**RECORDS TO USE:**

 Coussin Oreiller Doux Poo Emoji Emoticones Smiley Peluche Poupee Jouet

...

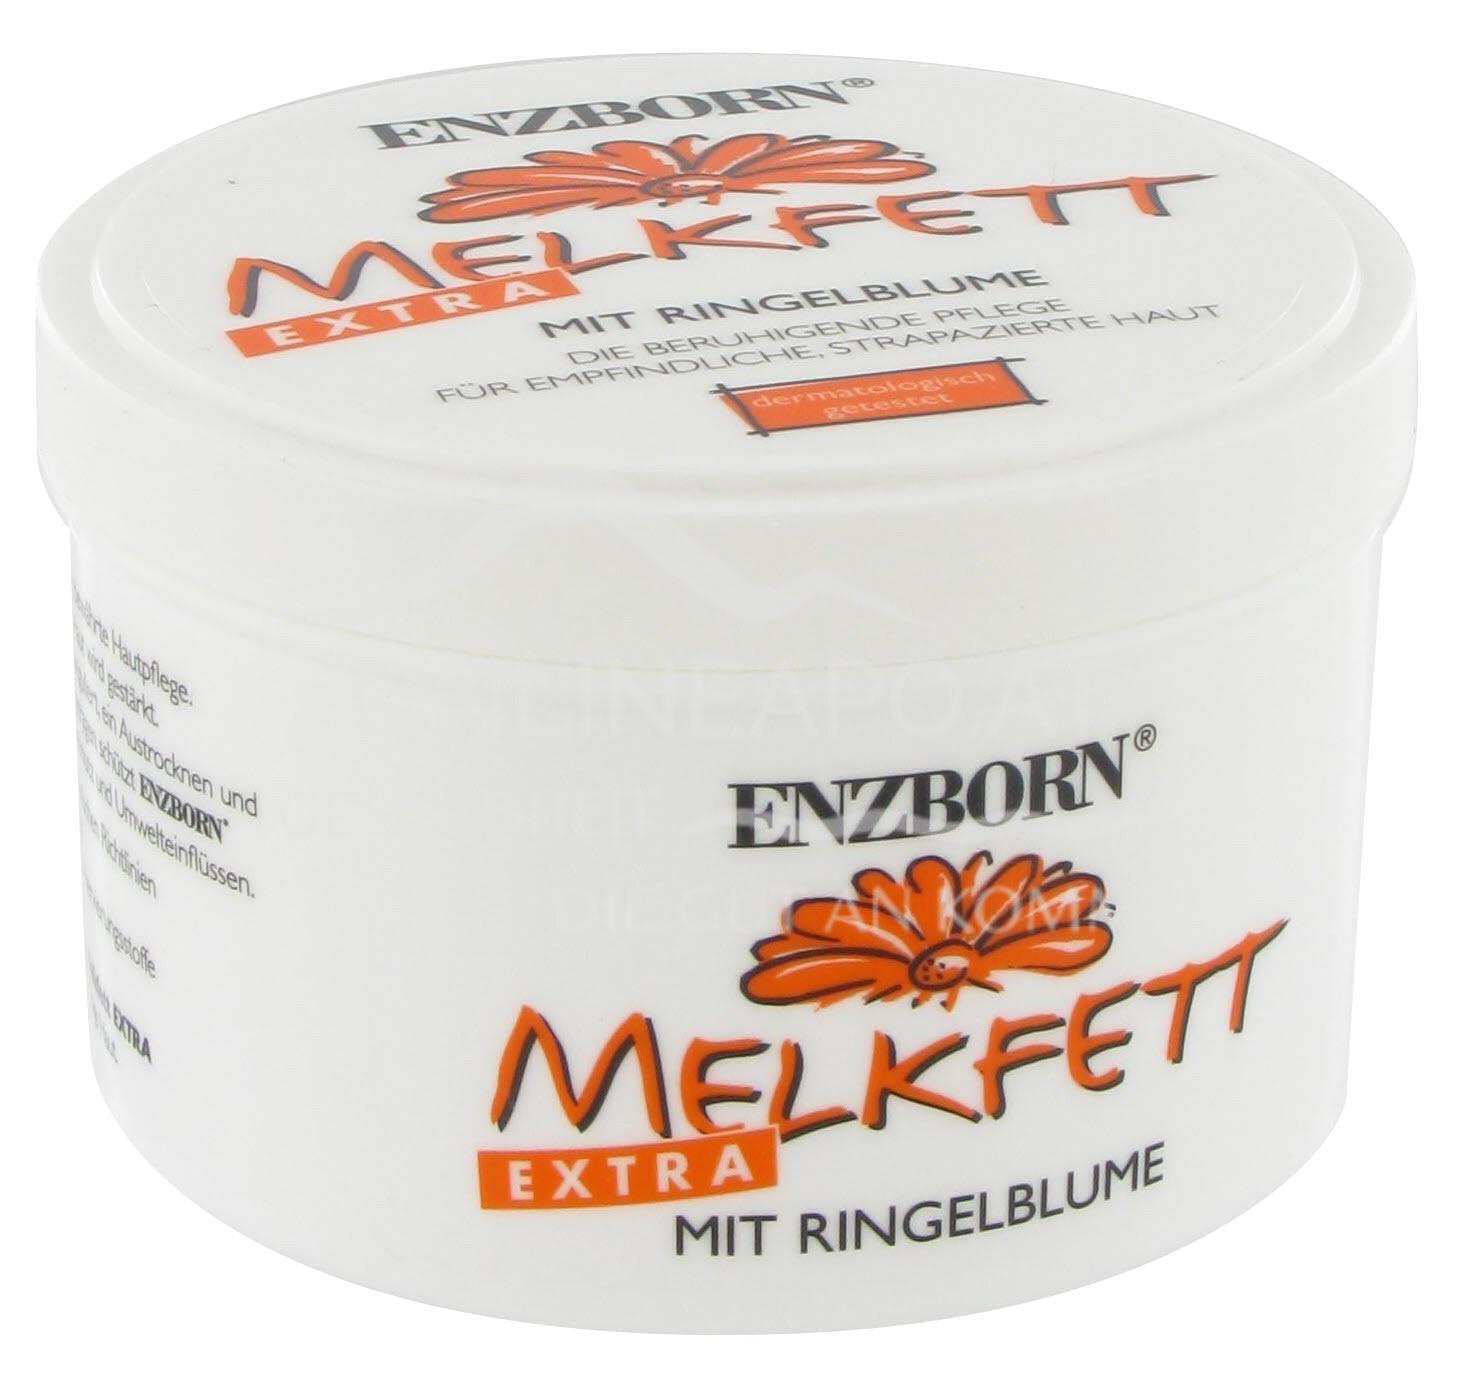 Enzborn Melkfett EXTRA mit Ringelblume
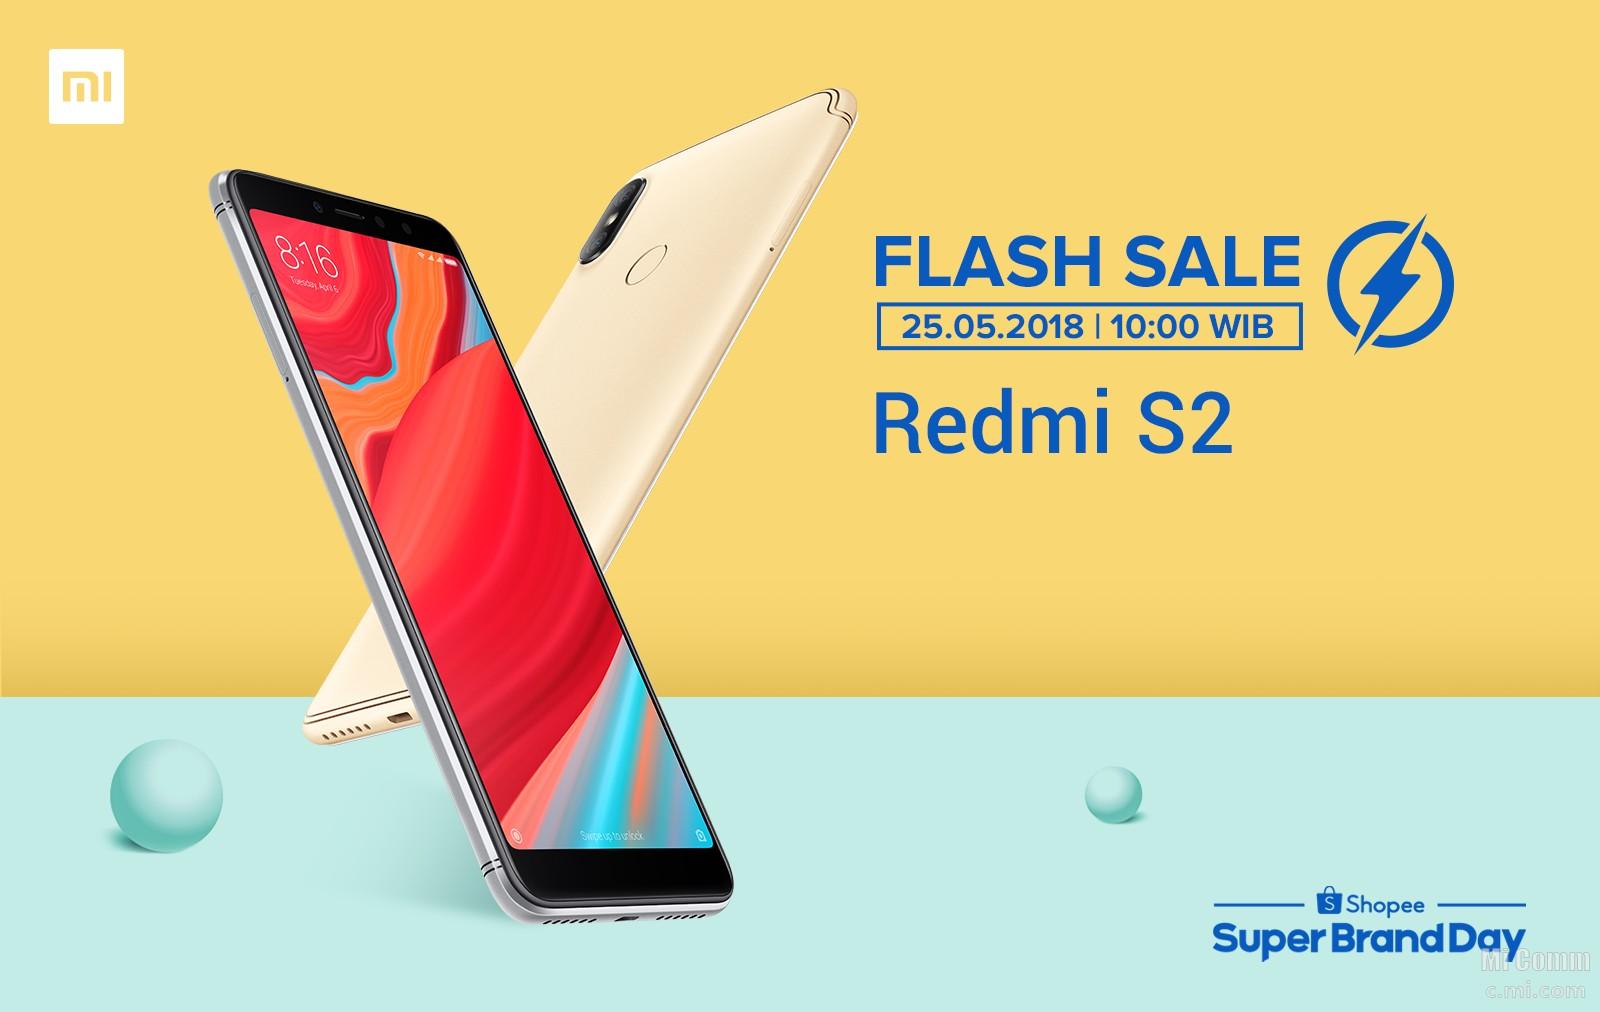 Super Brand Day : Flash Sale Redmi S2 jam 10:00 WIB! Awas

...

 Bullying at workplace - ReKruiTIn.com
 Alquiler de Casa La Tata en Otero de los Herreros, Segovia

**PROBLEM TO SOLVE:** The stretch to restate runs from the line above containing "Enzborn Melkfett EXTRA mit Ringelblume" through the line containing "Super Brand Day". Copy it word for word, ends included, without pictures.

**ANSWER SPACE:**
 Enzborn Melkfett EXTRA mit Ringelblume
 Super Brand Day : Flash Sale Redmi S2 jam 10:00 WIB! Awas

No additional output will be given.